The pizza guy arrived just behind him. While I was paying, Henry took a seat on the couch. “So what are we watching?”
“Rhinestone,” said Dementra. “It’s Dolly Parton night.”
Henry made a face. “I thought it’d be more action-y. Given that you’re not exactly the most girly pair I know.”
I dropped the pizza on the kitchen table. “What the hell is that supposed to mean?”
“Come on. You can’t be offended by that. Dementra here comes from a planet where everything is fighting everything else all the time. And you . . . I’ve never even see you in a dress. Some of us on the team thought you might be a lesbian. Not me. Your hair isn’t short enough.”
Henry might have been one of the good guys, but he was also a real jerk. His ability to see the future didn’t stop him from staying stupid shit because he didn’t care.
“What are you doing here, Henry?”
“Dementra invited me.”
“It’s Ladies’ Night,” I said.
“That’s a bit sexist, isn’t it?” he asked.
The main difference between superheroes and villains wasn’t respect for life or freedom or any such credo. It was self-control. Everyone was irritated now and then, but when you could lift a city block or shoot lasers from your eyes, you had to learn to keep your irritation in check. It wasn’t always easy. Doctor Explodium always claimed that it was someone trying to sneak eleven items in the Ten Items or Fewer line that had inspired his plans for world domination. There were times when I wanted to chuck that annoying person on their cell phone in the movie theater into the sun or to crush my neighbor’s dog for barking at three in the morning.
I opened the pizza box.
“I would’ve gone with 9 to 5, myself,” said Henry. “Now that’s classic Parton. Could you grab me a slice while you’re at it?”

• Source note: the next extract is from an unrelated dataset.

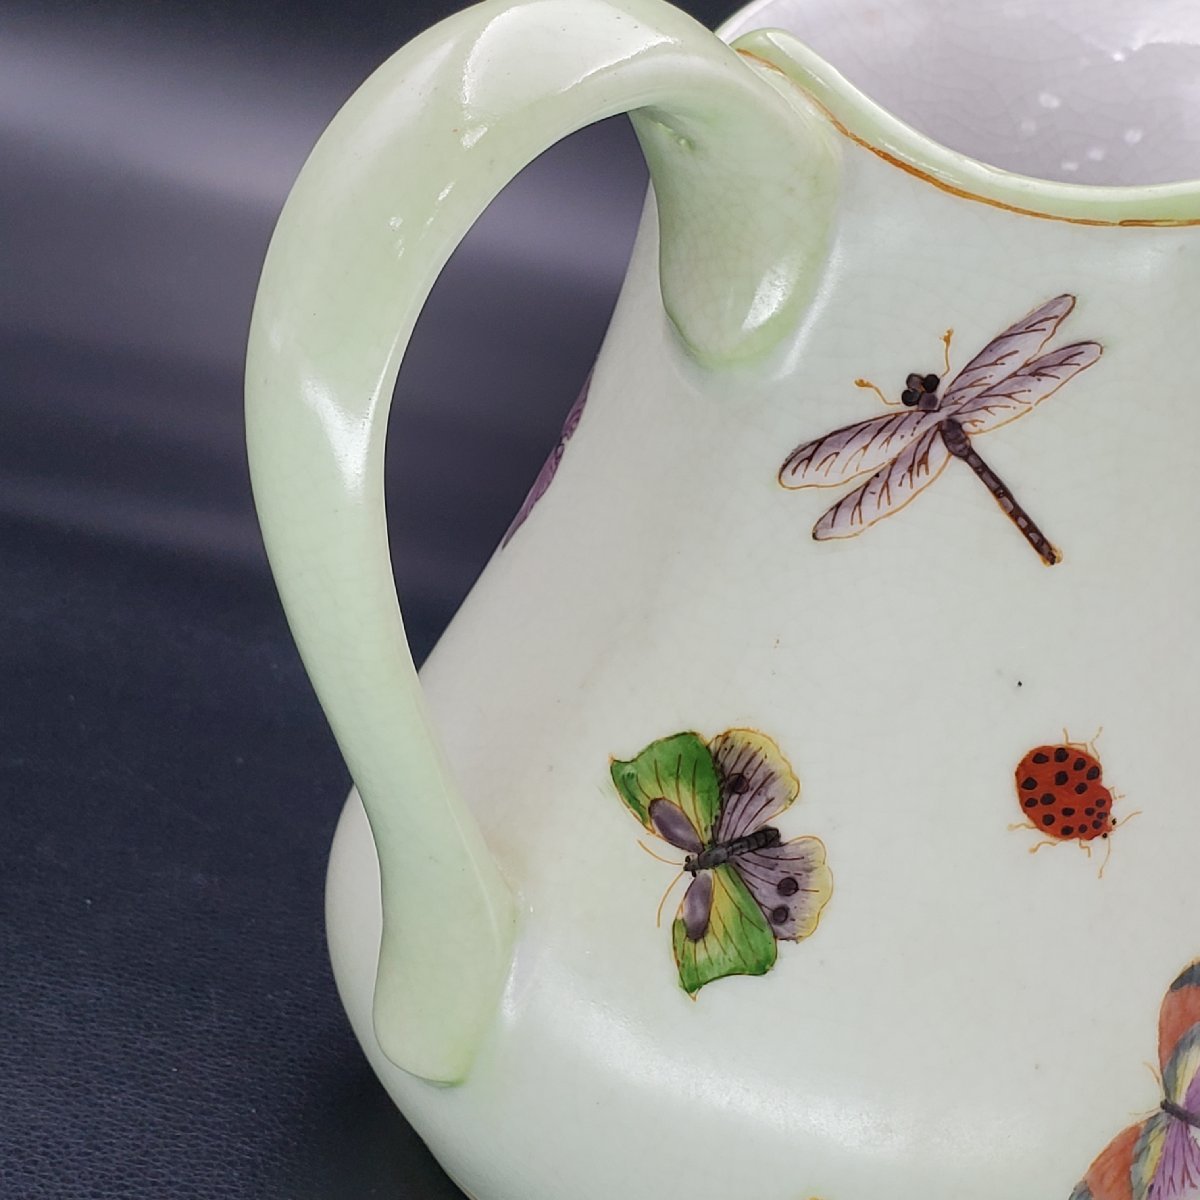 [. магазин ]G&C Дания производства насекомое рисунок вода питчер кувшин ваза украшение 18. античный коллекция интерьер

I pondered the perks of supervillainy, and in the myriad possible futures from this moment, Henry must’ve spotted one that ended with me punching every thoughtless creep in a rampage of sweet, sweet vengeance, starting with him and ending with my passive aggressive mother.
“Never mind. I’ll get my own,” he said as he cleared a space on my sofa for me. “Sit. I’ll grab you a beer.”
Smiling, I sat and started the movie.